Charmed by Redox Potential?

You have many more options than you think:

1. Curcumin (from Turmeric)

• Acts as both a direct antioxidant and an inducer of antioxidant enzymes like glutathione peroxidase and superoxide dismutase (SOD).

• Supports mitochondrial health and reduces ROS.

• Has been shown to protect against lipid peroxidation and oxidative DNA damage.

2. Resveratrol (from grapes, red wine, Japanese knotweed)

• Enhances mitochondrial biogenesis via SIRT1 and PGC-1α activation.

• Improves redox balance and modulates NAD+/NADH ratio, similar to MB claims.
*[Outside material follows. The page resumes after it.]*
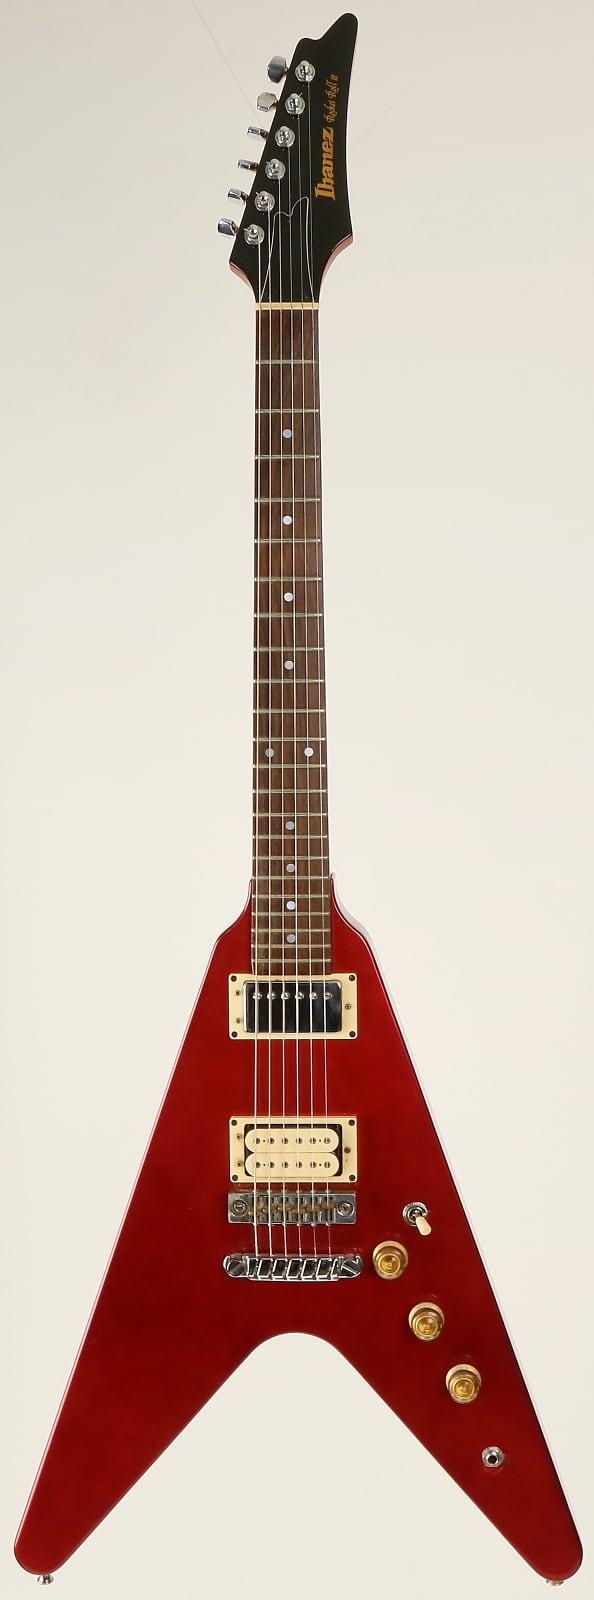 Ibanez Rocket Roll Ii Flying V 1980 Red Metallic

• Shown to mimic some of the electron transfer roles of MB.

3. Quercetin

• A potent flavonoid that stabilizes redox status by scavenging free radicals and chelating transition metals.

• Inhibits xanthine oxidase and NADPH oxidase (major ROS producers).

• Protects mitochondrial membranes and prevents oxidative chain reactions.

4. Coenzyme Q10 (Ubiquinone/Ubiquinol)

• An actual electron carrier in the mitochondrial respiratory chain.

• Acts as a redox buffer within lipid membranes and mitochondria.

• Essential in ATP synthesis and scavenging lipid peroxyl radicals.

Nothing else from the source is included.